Defines functions tbl_grade tbl_check

Documented in tbl_check tbl_grade

#' Check that the rows and columns of two tables are the same
#'
#' @description
#' Checks for differences between `object` and `expected` in the following order:
#' 1. Check table class with [tbl_check_class()]
#' 1. Check column names with [tbl_check_names()]
#' 1. Check number of rows and columns with [tbl_check_dimensions()]
#' 1. Check [groups][dplyr::group_by()] with [tbl_check_groups()]
#' 1. Check that each column is the same with [tbl_check_column()]
#'
#' If the tables differ
#' - `tbl_check()` returns a list describing the problem
#' - `tbl_grade()` returns a failing grade and informative message
#' with [gradethis::fail()]
#'
#' @section Problems:
#'
#' 1. `class`: The table does not have the expected classes.
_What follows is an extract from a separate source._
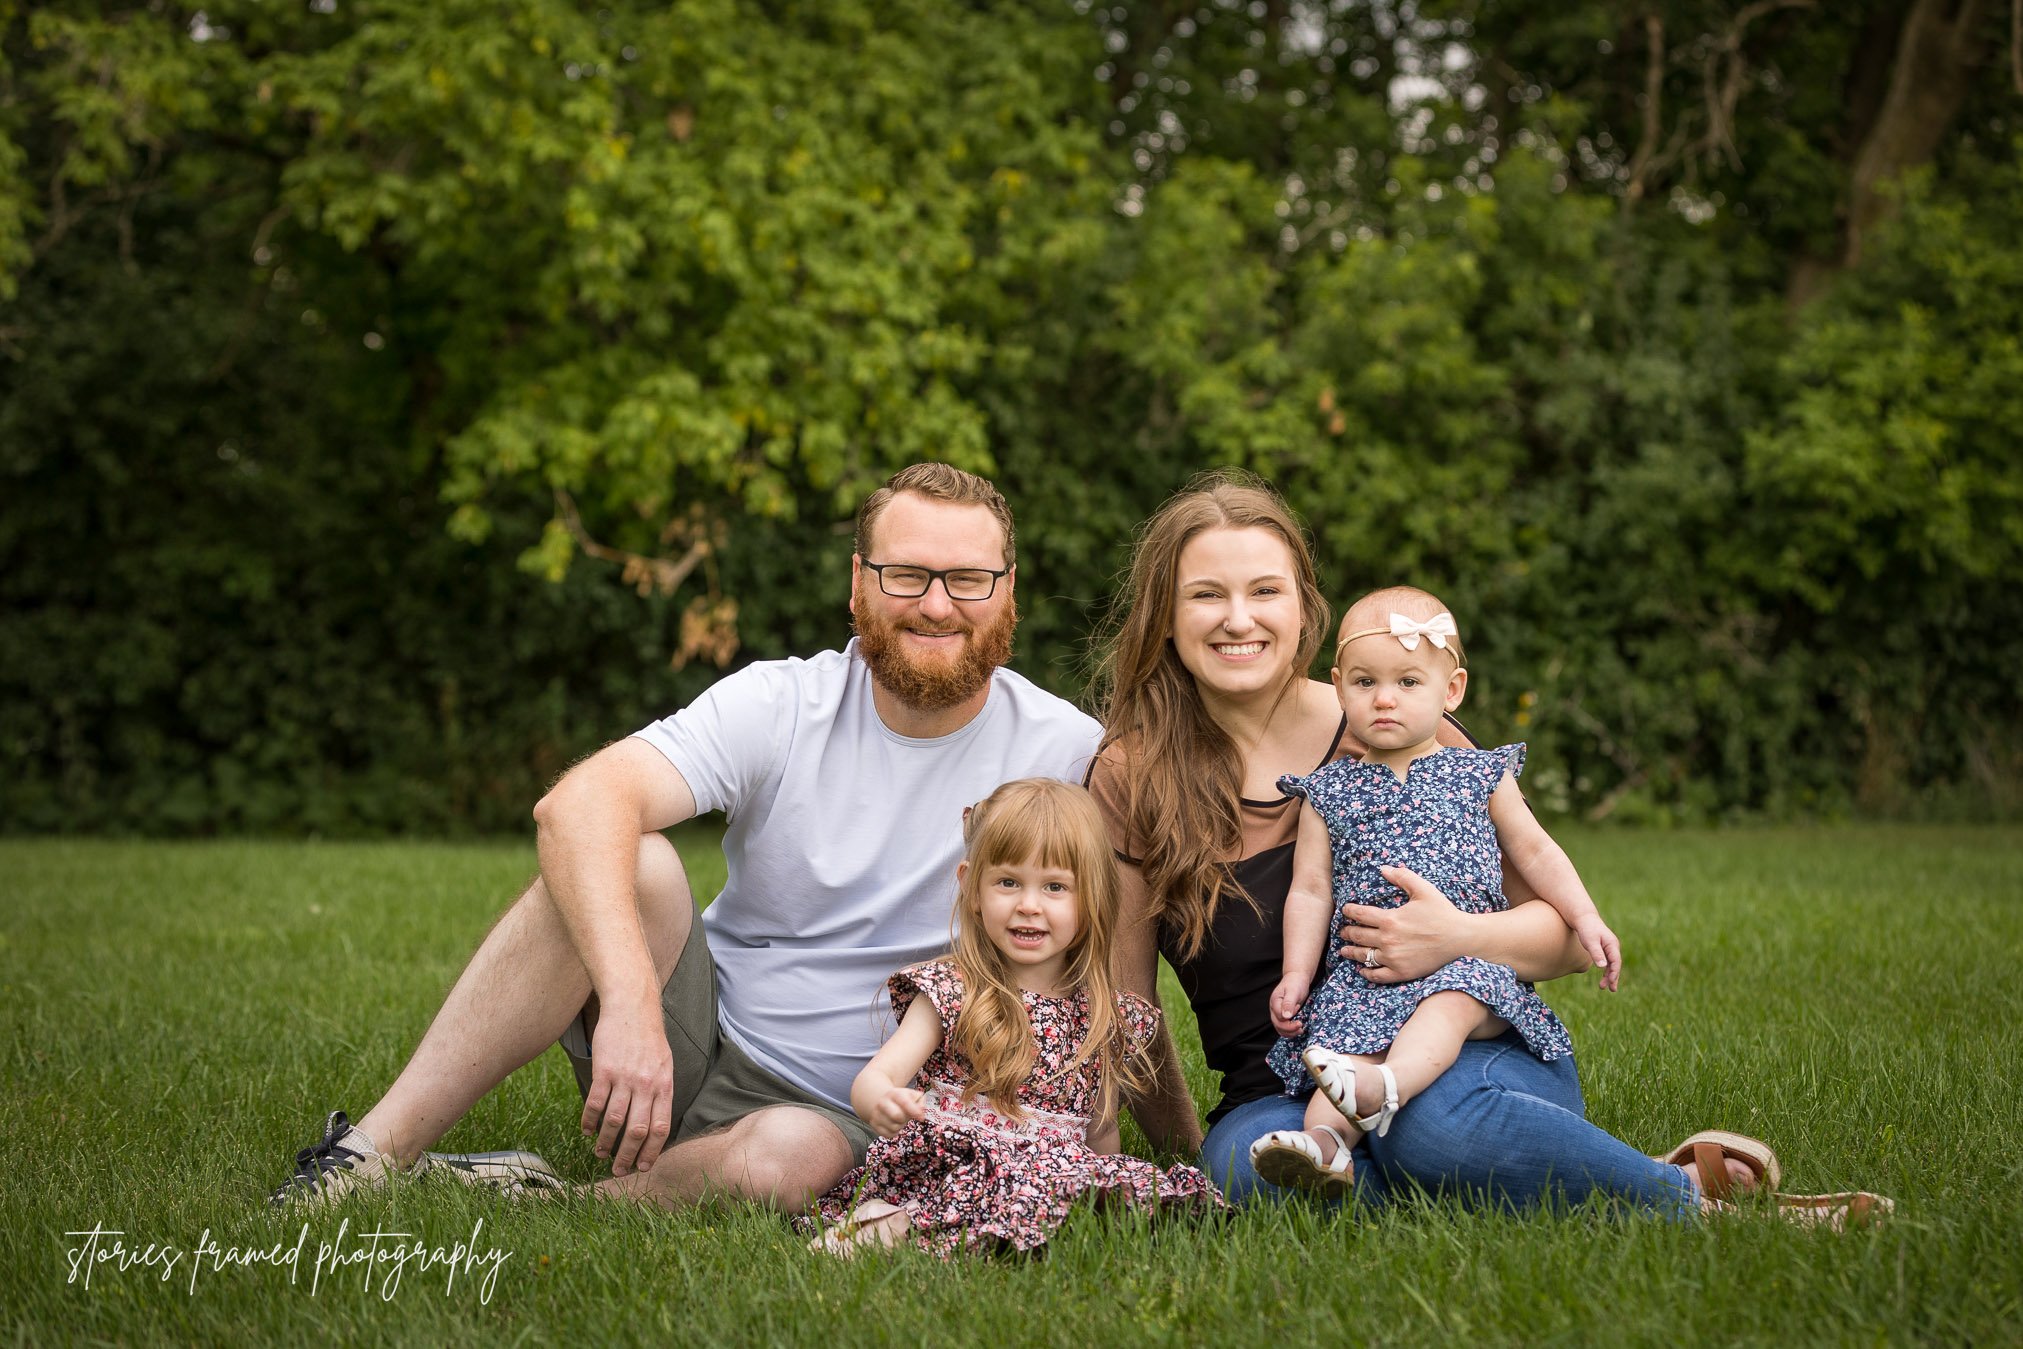 Outdoor family photoshoot in Glastonbury CT | One Big Happy Photo

#' 1. `not_table`: `object` does not inherit the [data.frame] class.
#' 1. `names`: The table has column names that are not expected,
#'   or is missing names that are expected.
#' 1. `names_order`: The table has the same column names as expected,
#'   but in a different order.
#' 1. `ncol`: The table doesn't have the expected number of columns.
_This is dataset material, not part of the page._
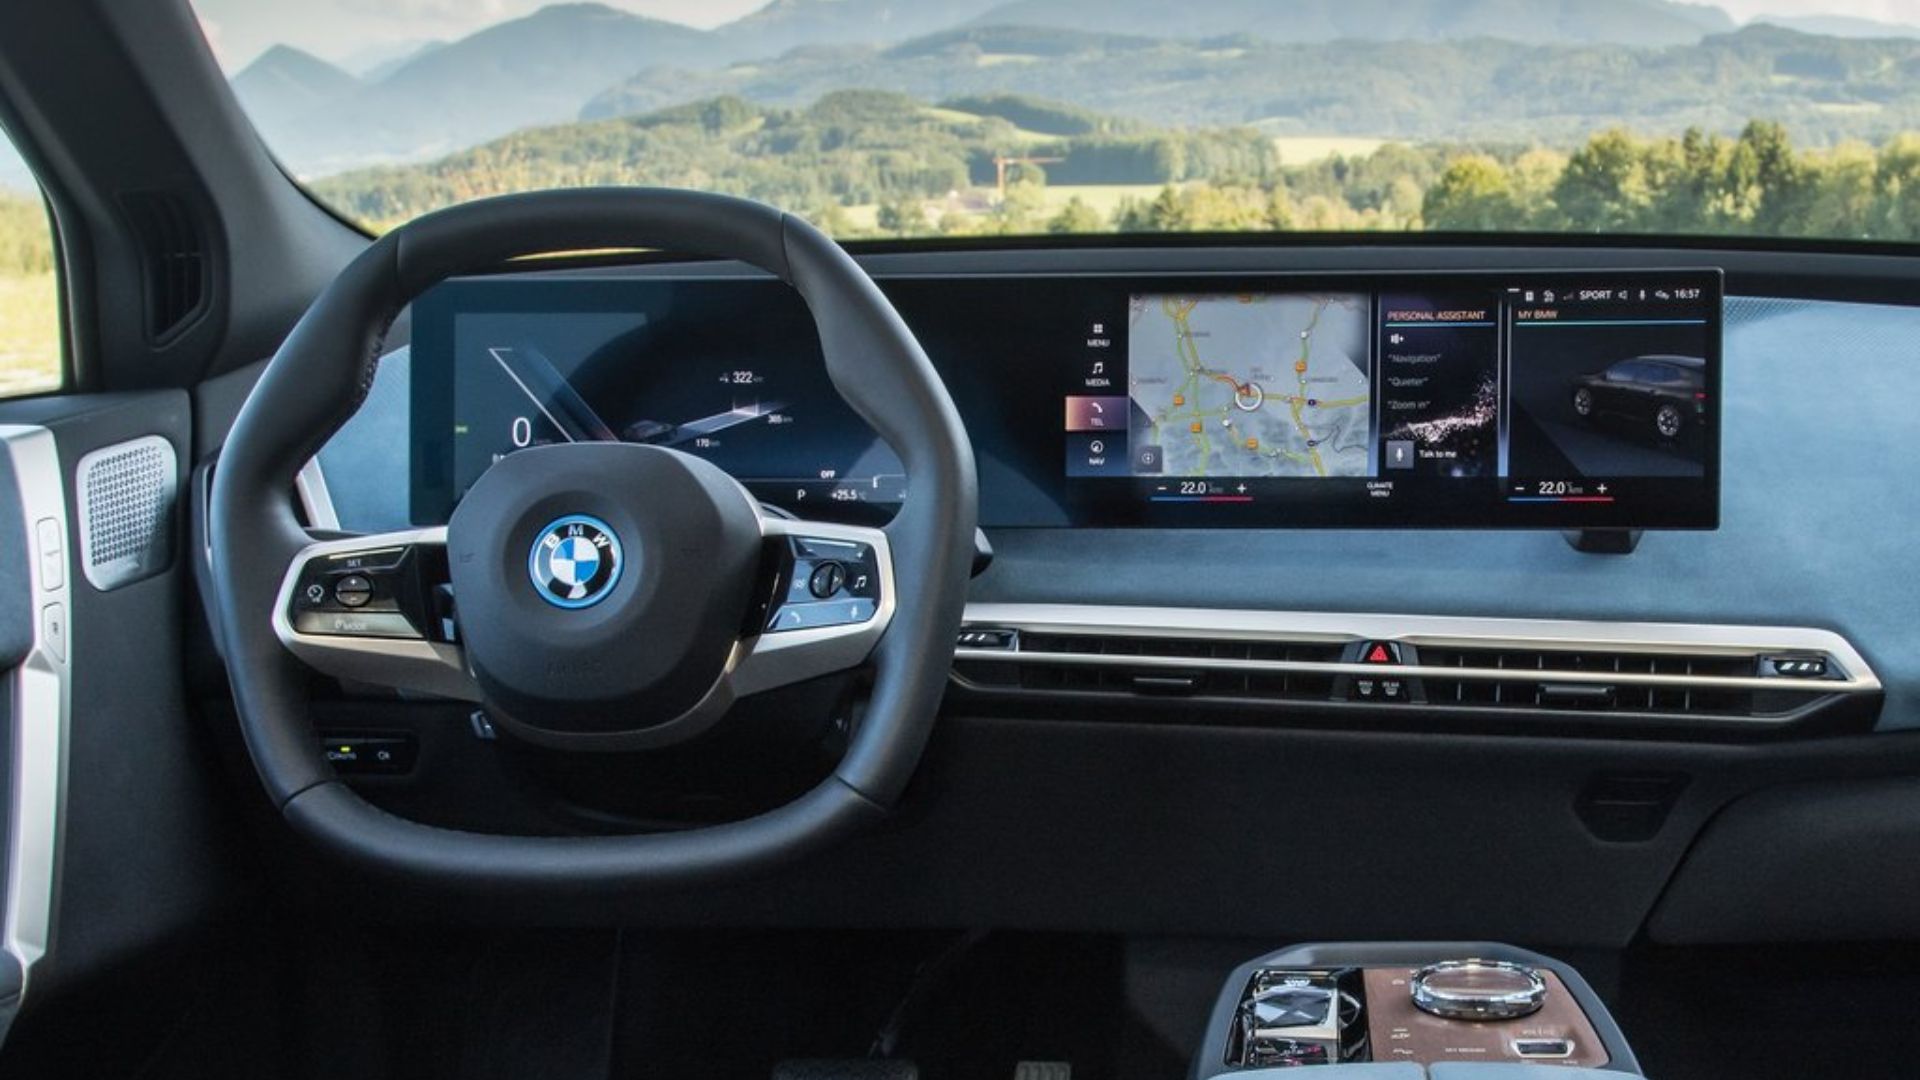 Fitur interior BMW

#' 1. `nrow`: The table doesn't have the expected number of rows.
#' 1. `groups`: The table has [groups][dplyr::group_by()] that are
#'   not expected, or is missing groups that are expected.
#'
#' Additional problems may be produced by [tbl_check_column()].
#'
#' @param object A data frame to be compared to `expected`.
#' @param expected A data frame containing the expected result.
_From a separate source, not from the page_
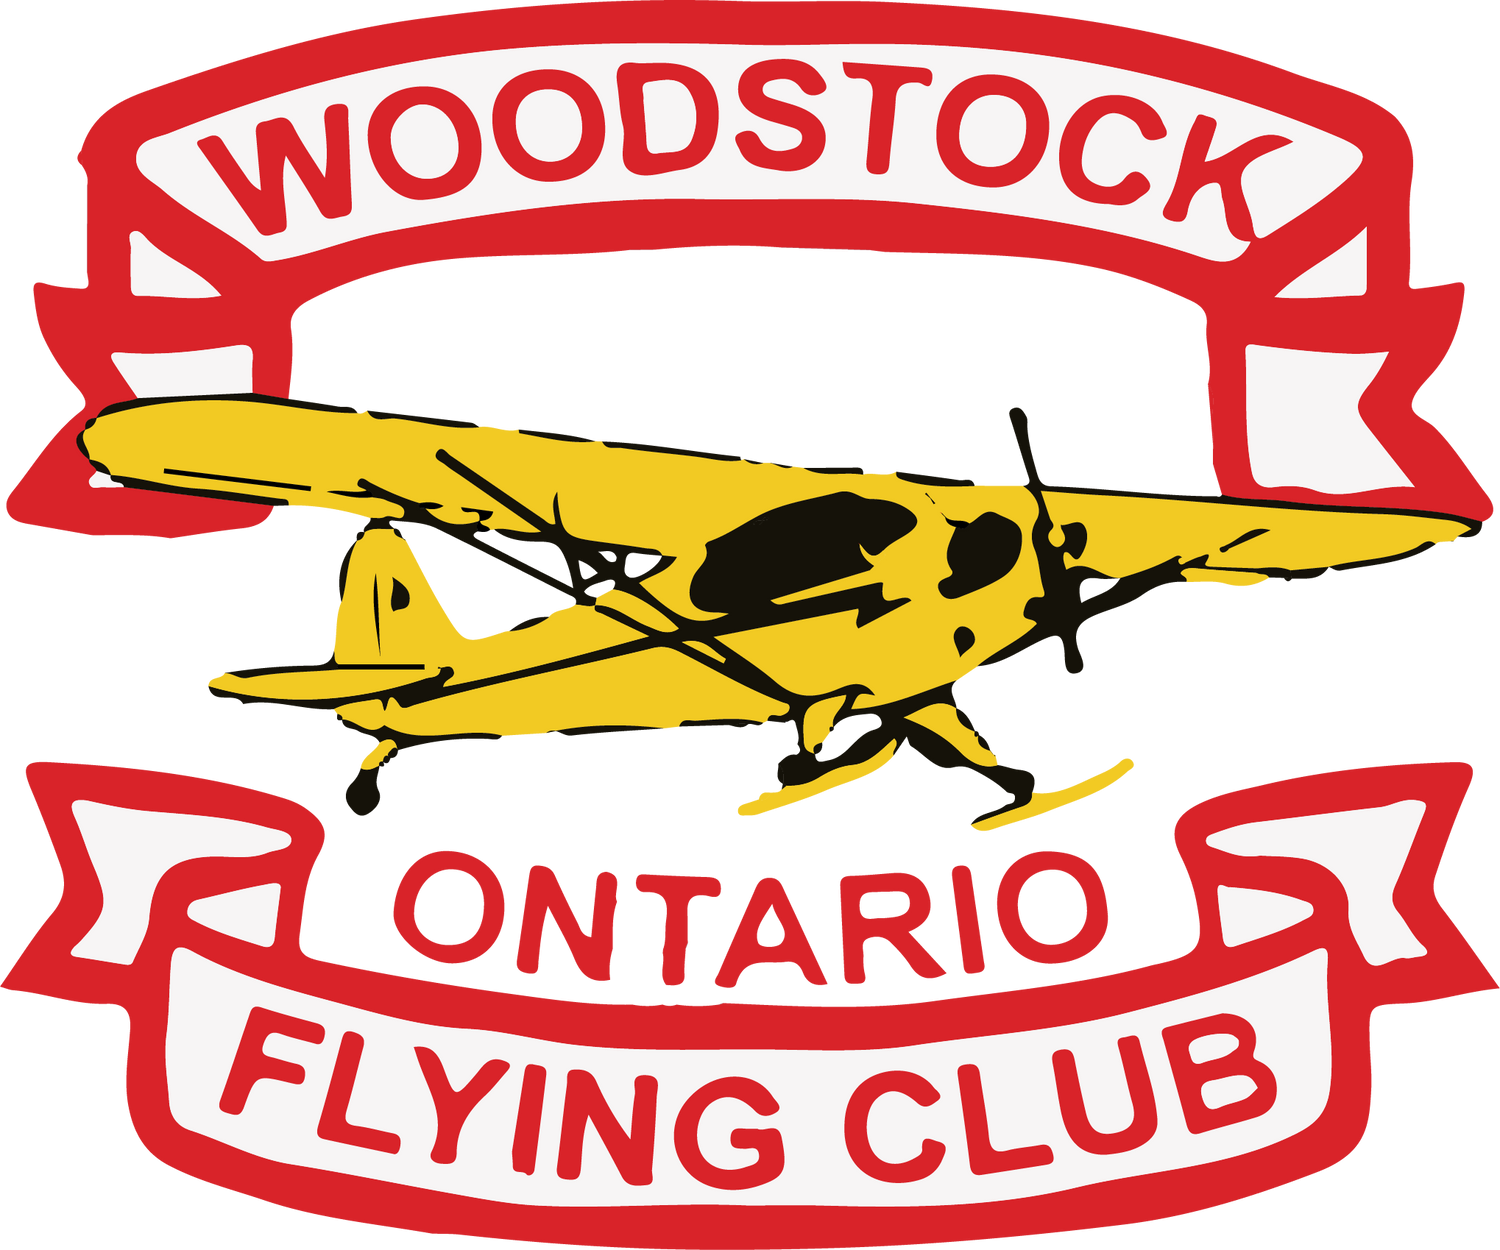 Woodstock Ontario Flying Club Apparel

#' @param cols [[`tidy-select`][tidyselect::language]]\cr A selection of columns
#'   to compare between `object` and `expected`. Differences in other columns
#'   will be ignored. If [`NULL`], the default, all columns will be checked.
#' @param max_diffs `[numeric(1)]`\cr The maximum number of mismatched values to
#'   display in an informative failure message.
#'   Passed to [tbl_check_names()] to determine the number of mismatched column
#'   names to display and the `n_values` argument of [tbl_check_column()] to
#'   determine the number of mismatched column values to display.
#'   Defaults to 3.
#' @param check_class `[logical(1)]`\cr Whether to check that `object` and
#'   `expected` have the same classes with [tbl_check_class()].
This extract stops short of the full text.